The new National Petroleum Company (NPC) to be established under the Petroleum Industry Governance Bill (PIGB) will retain some of the revenues earned from crude oil and gas sales, TheCable Petrobarometer can report.
Under the current system, all revenues earned by the Nigerian National Petroleum Corporation (NNPC) are expected to be swept into the federation account, from where they are shared by the three tiers of government through the Federation Account Allocation Committee (FAAC).
The NPC will be the successor company to the NNPC when the bill is signed into law by President Muhammadu Buhari.
However, according to harmonised version of the PIGB seen by TheCable Petrobarometer, the NPC will be entitled to “retain its revenue from its operations and shall be entitled to defray from such revenue all its expenses including its cash call obligations in respect of joint venture assets and its petroleum operations and its obligations to lenders and financiers”.
The proposed company is envisaged to be a profit-making, commercial enterprise, able to source for the funding of its operations from local and foreign credit agencies.
The NPC, on its take-off, will have an initial shareholding of 20% by the Bureau of Public Enterprises (BPE), 40% by the Ministry of Finance Incorporated and 40% by the Ministry of Petroleum Incorporated on behalf of the federal government.
The government agencies are required to divest up to 30% of the shares within 10 years of the NPC coming into existence to the public, making it a public/private enterprise.
Oil industry officials and legal experts explained that since the NPC is expected to be self-financing — unlike the NNPC that currently depends on the government — the former is expected to utilise the money earned from its operations to run the business.
“What that means is you would be clear that NPC is a profit centre. So it runs the business, retains some of the profit it makes, so that it can invest it into other parts of the business. It doesn’t just send out all of its profits or all of its earnings into the federation account. It would retain to run the business,” Adeoye Adefulu, partner at Odunjirin & Adefulu, a commercial law firm, told TheCable Petrobarometer.
The 36 states of the federation are regularly at loggerheads with the NNPC over the persistent shortfall in oil revenues deposited into the federation account by the corporation, whenever they hold the monthly FAAC to distribute revenues.
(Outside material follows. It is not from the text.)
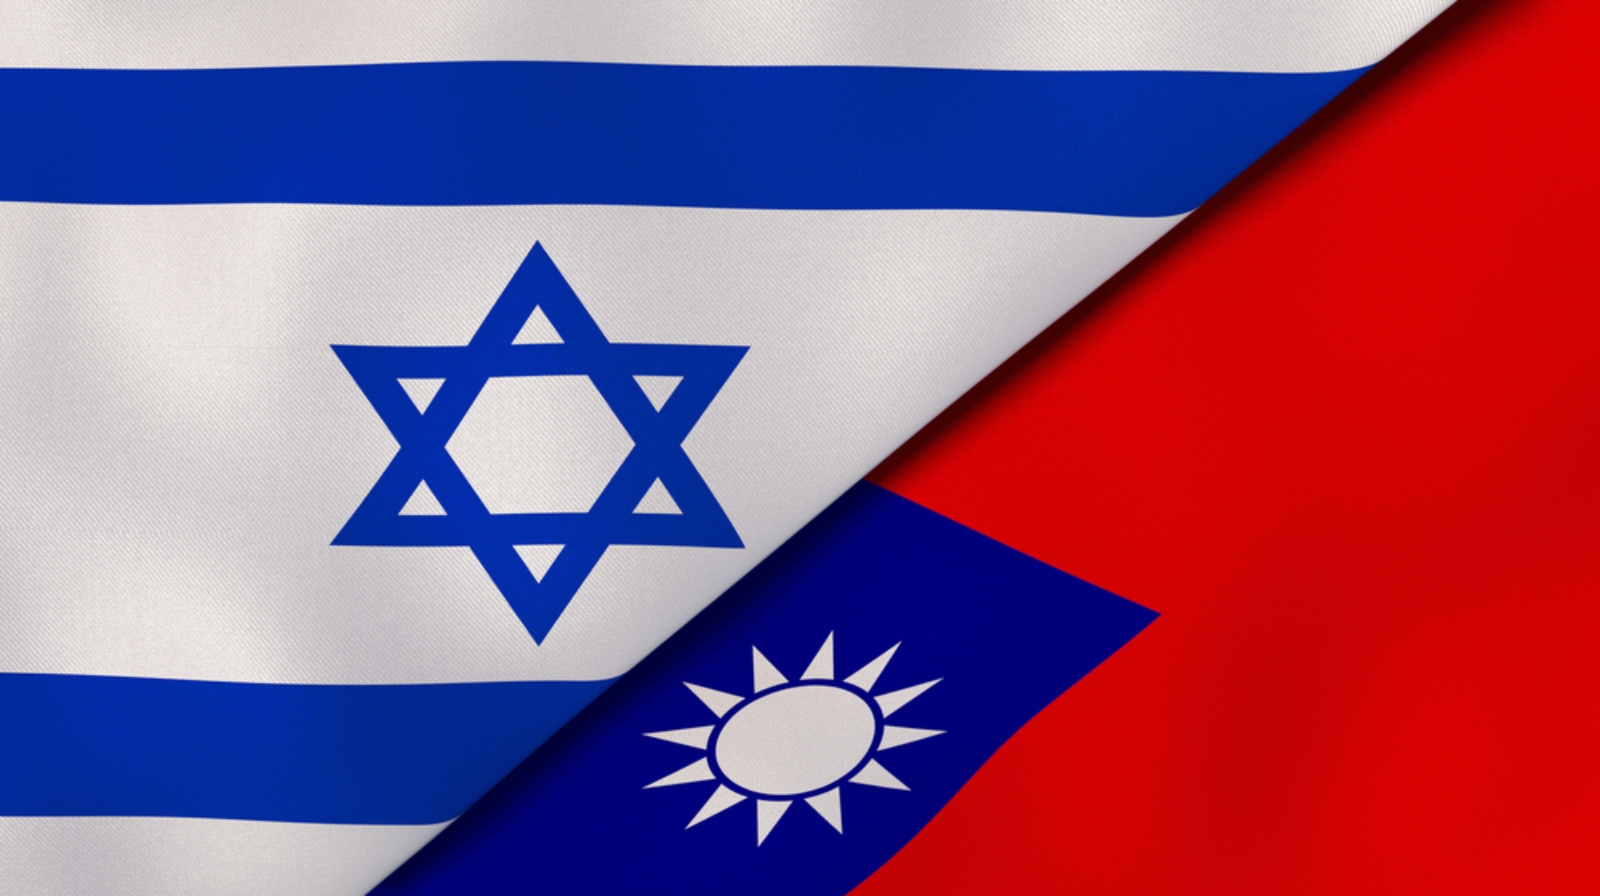 Israeli and Taiwanese flags. Image by Maksym Kapliuk via Shutterstock.com

NNPC, on the other hand, had linked the shortfall to the need to meet its operations costs, especially fuel importation.
Data released on Monday by the NNPC showed that it made N367.7 billion in January this year alone, incurring N317.6 billion expenses or a surplus of N50.096 billion.
The new NPC will, however, be expected to deposit into the federation account, dividends accrued in respect of the shares held on behalf of the federal government.
This will be similar to what is currently obtainable in the Nigeria LNG Ltd., where dividend accruing to the government from its 49% equity in the Bonny LNG plant is deposited into the federal account.